American writer (1899–1990)

John Wesley Conroy (December 5, 1899 – February 28, 1990) was a leftist American writer, also known as a worker-writer. He was best known for his contributions to proletarian literature: fiction and nonfiction about the life of American workers during the early decades of the 20th century.

==Background==
"Jack" Conroy was born John Wesley Conroy to Irish immigrants on December 5, 1899, in the coal mining camp of Monkey Nest near Moberly, Missouri. Elements of his childhood experiences growing up in a mining camp can be seen in his Depression-era novels, The Disinherited and A World to Win.

==Career==
Though he did not complete a formal education, Conroy worked at various jobs including: railroad shop apprentice (and eventual foreman), recording secretary for the Brotherhood of Railway Carmen of America union, an auto factory worker, and construction. While he worked, he wrote, and it is said that in 1934, during a heat wave, Conroy moved his kitchen table outdoors beneath a shade tree where he created his second novel, A World to Win.

From 1931 to 1941 Conroy edited successively the magazines Rebel Poet, The Anvil, and The New Anvil. He included works by Erskine Caldwell, Langston Hughes, and William Carlos Williams, among others. Conroy later edited, with Curt Johnson, a collection of these pieces, Writers in Revolt: The Anvil Anthology (1973). He also contributed to the New Masses magazine as writer and contributing editor; often, his work was reviewed in that magazine, too.
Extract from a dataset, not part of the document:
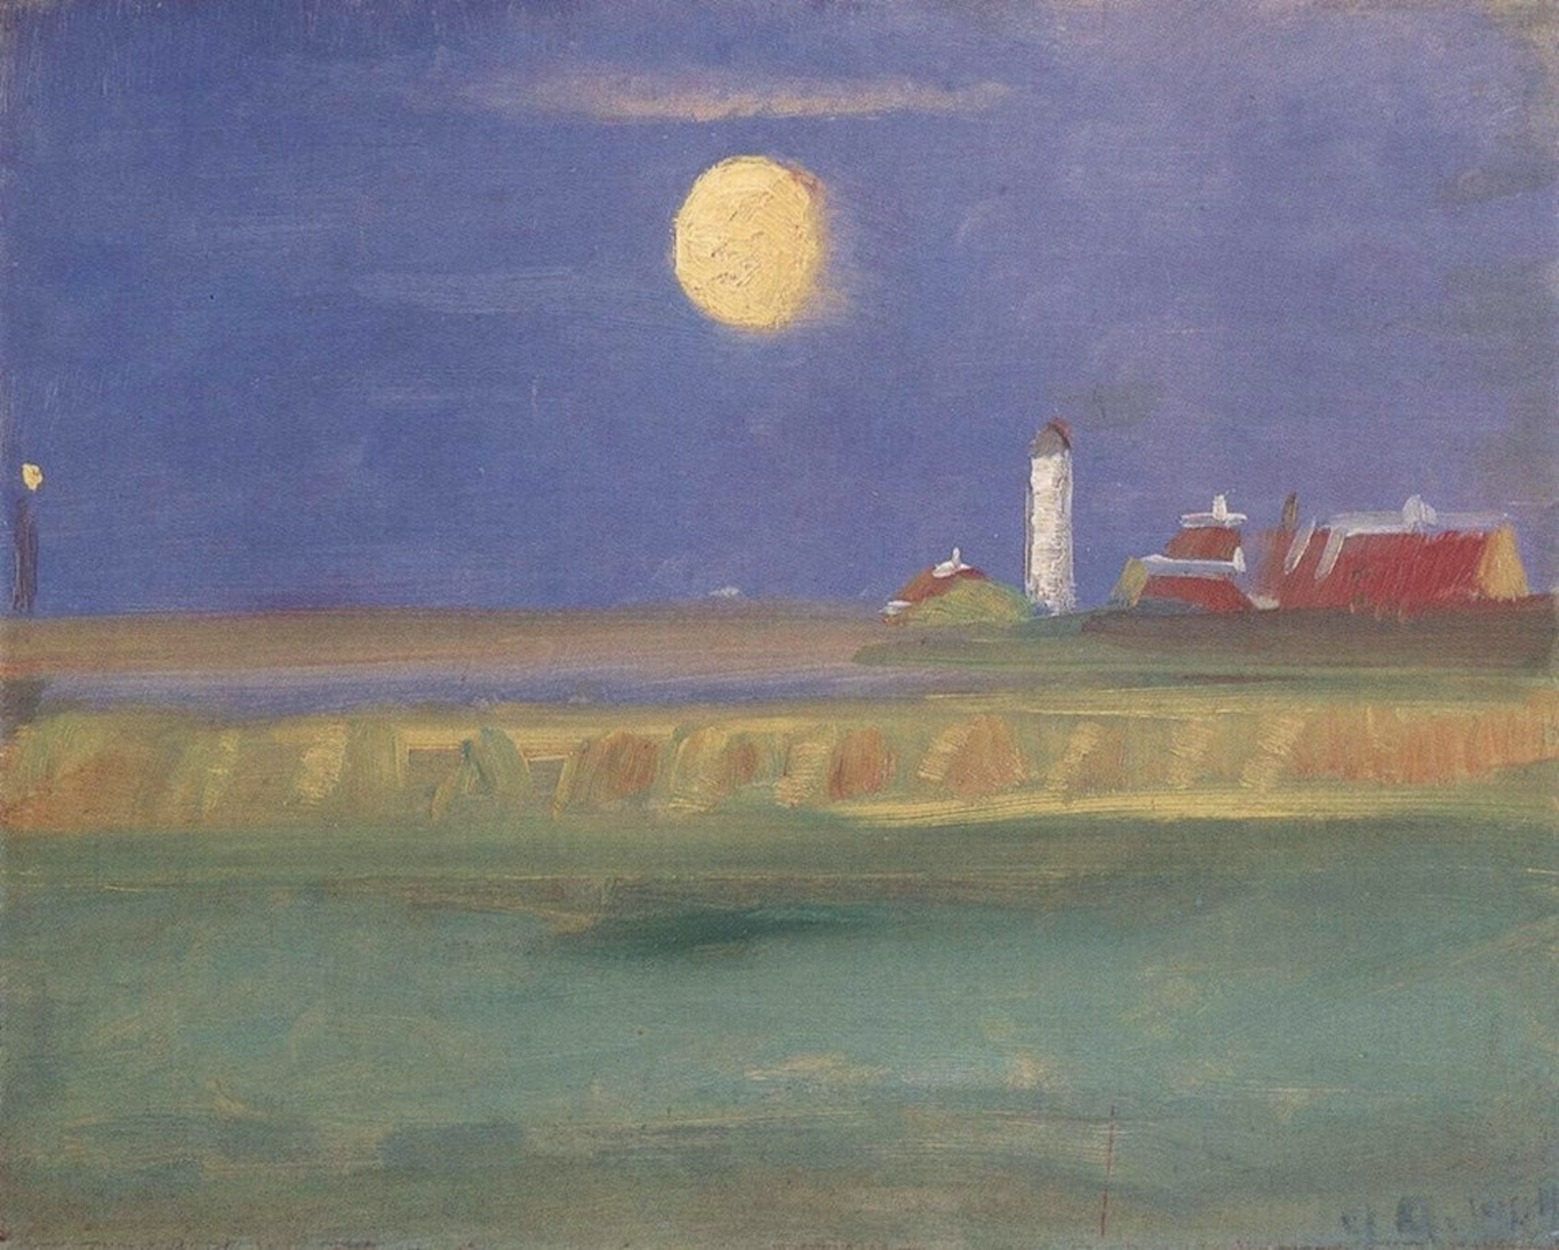 Maanavond. Vuurtoren by Anna Ancher - 1904 - 23 x 28 cm

Conroy received a Guggenheim Fellowship in 1935 and gave an address at the First American Writers Congress. In 1936, he taught at Commonwealth College in Arkansas before protesting the Downs law in Alabama, then moved to St. Louis for a job with the Missouri Writers Project. He roomed with Joe Jones and associated with striking East St. Louis mill workers who were called "Fallonites" before quitting the project and moving back to Moberly in 1937.

In 1938 Conroy came to Chicago, on the suggestion of Nelson Algren, to work on the Illinois Writers' Project. Along with recording folktales and industrial folklore, Conroy was assigned to the black history portion of the IWP, and collaborated with Arna Bontemps, producing the pioneering Black studies works They Seek A City (1945) and Anyplace But Here (1965), both about African-American migration from the South to the North. Conroy and Bontemps also collaborated on several successful juvenile books based on folktales, including The Fast Sooner Hound (1942) and Slappy Hooper, The Wonderful Sign Painter (1946).
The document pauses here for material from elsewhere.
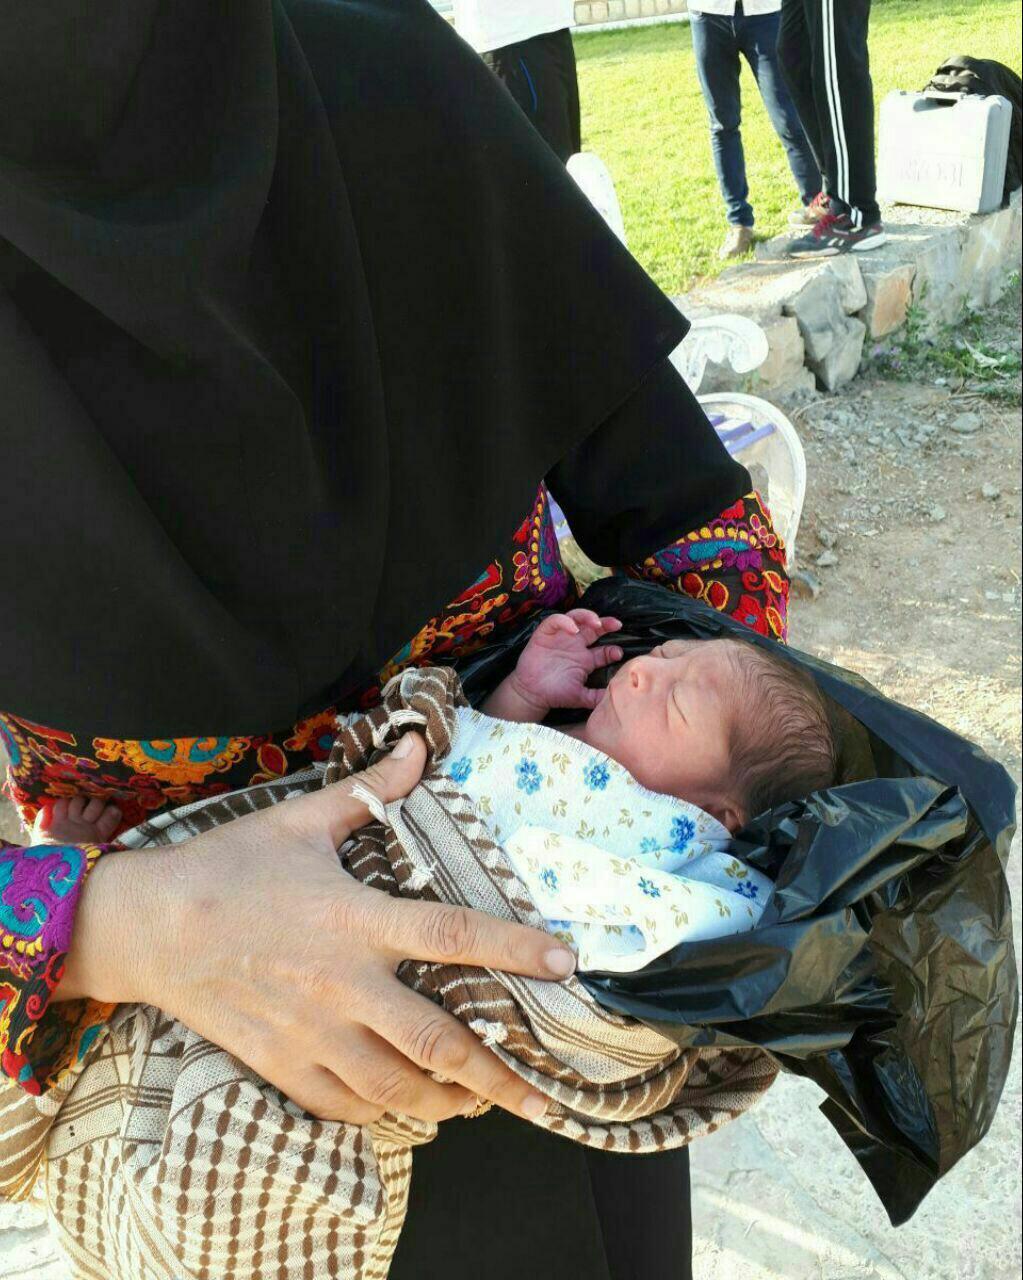 پیدا شدن یک نوزاد در کیسه زباله در کرمانشاه +عکس

In 1965, Conroy moved from Chicago back to Moberly, Missouri, where he lived until his death. He continued to write into his 80s, publishing The Weed King and Other Stories in 1985. Over the course of his career, Conroy was also a teacher and lecturer and a mentor to younger radical writers. Known as "the Sage of Moberly", Conroy also wrote under the pseudonyms of Tim Brennan and John Norcross.

Conroy died February 28, 1990, in Moberly, Missouri, and was buried in Sugar Creek Cemetery.

==Legacy==
Conroy has been credited with introducing the worker-writer in literature. His first novel, The Disinherited, challenged critical definitions of what was considered influential literature, blurring the line between the world of the middle-class literate and the world of the worker.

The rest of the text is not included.